2:37 a.m.

You are not as sympathetic as you could be, no doubt, when you hear your bedroom door creak open and a little voice say, “Mommy, I threw up.” You roll over and look at the clock and groan, “Really? You did?” and then hesitate a moment, thinking of the thoroughly unpleasant task ahead of you.

You get up, turn on the hall light, look at your daughter, and say, “You should change your pajamas.” You walk into her bedroom and immediately realize that you should’ve obtained more information from the child before stumbling into her bedroom in the dark, in bare feet. You turn on the light and assess the damage – great, lots of ketchup with dinner last night – and then dither around for a few minutes wondering what to do. Do you need a washcloth? A towel? Maybe you should just move out?

“Do I have to go to school tomorrow?” your child asks, still in her yucky pajamas. “That is not the most important thing at this moment!” you snap. You reflect, as you look for the Oxyclean, that you have no bedside manner whatsoever. Your child will never have memories of you lovingly applying cold compresses and bringing glasses of ginger ale.
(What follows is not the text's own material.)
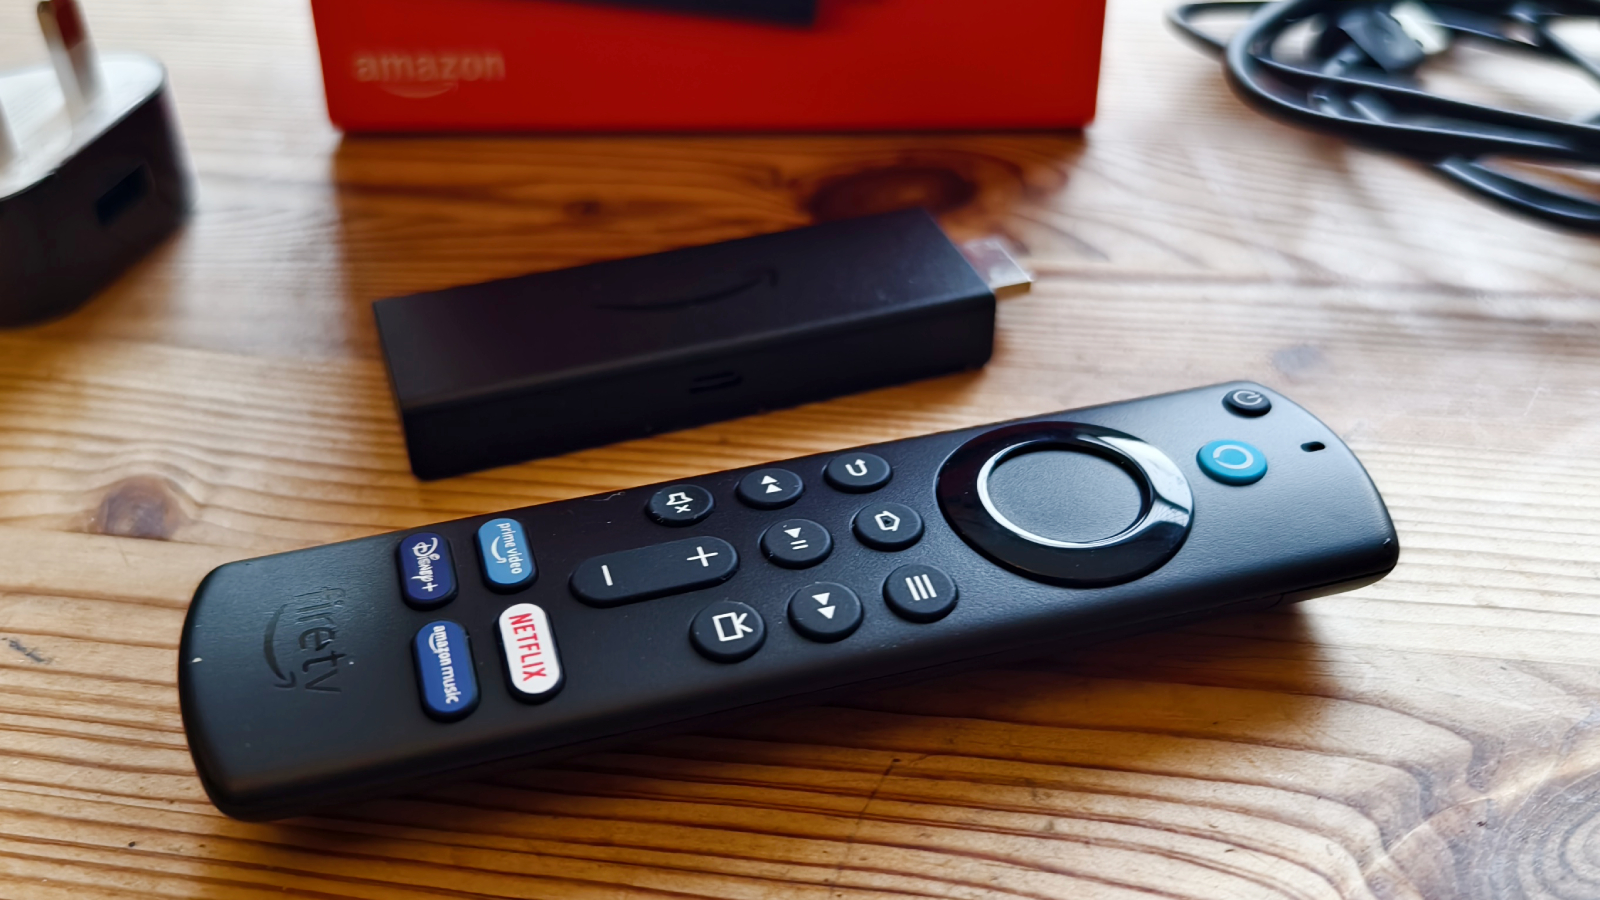 The Amazon Fire TV Stick next to its remote and box on a wooden table.

You saturate the carpet with Oxyclean and cover it with a beach towel, not knowing or caring really if this is the best approach to the problem. Your younger child sits up in bed and says: “Is it still night? Why does it smell bad?” and then goes back to sleep. You spread another beach towel over your sick child’s (thankfully still clean) sheets and hand her a Tupperware bowl. “Aim here next time,” you say. “Do you still feel sick?”

“Yes,” she says. “And my throat hurts from throwing up. What are you going to do about that?”

“There’s nothing I can do about that,” you say, and then you have a flashback to two years ago, when this child went through a five-month bout of something called Cyclical Vomiting Syndrome, which means pretty much what it sounds like, and which was, if you recall correctly, triggered by a virus much like the flu she just got over last week. You kind of want to cry.

Instead you give her a kiss and say good night and go back to your bed, knowing that you won’t sleep well the rest of the night, that you’ll lie awake listening for noises down the hall, for the next knock on the door, for the little voice asking for help once more.


aimee said...

Oh no. I really hope she doesn't have that again for all of your sakes.

And don't worry-I doubt any mom has good bedside manner at 2:30 in the morning. I really don't any of the time.

Hope you all have a better day and night today.

mimi said...

Poor Mal....

Karen said...

I remember really being resentful of my lovely children when one of them awakened me for the same reason. Sorry kids - no doubt the lack of bedside manner is in your genes!

I do hope Mallory is better and doesn't have the same thing again. That is no fun for anyone.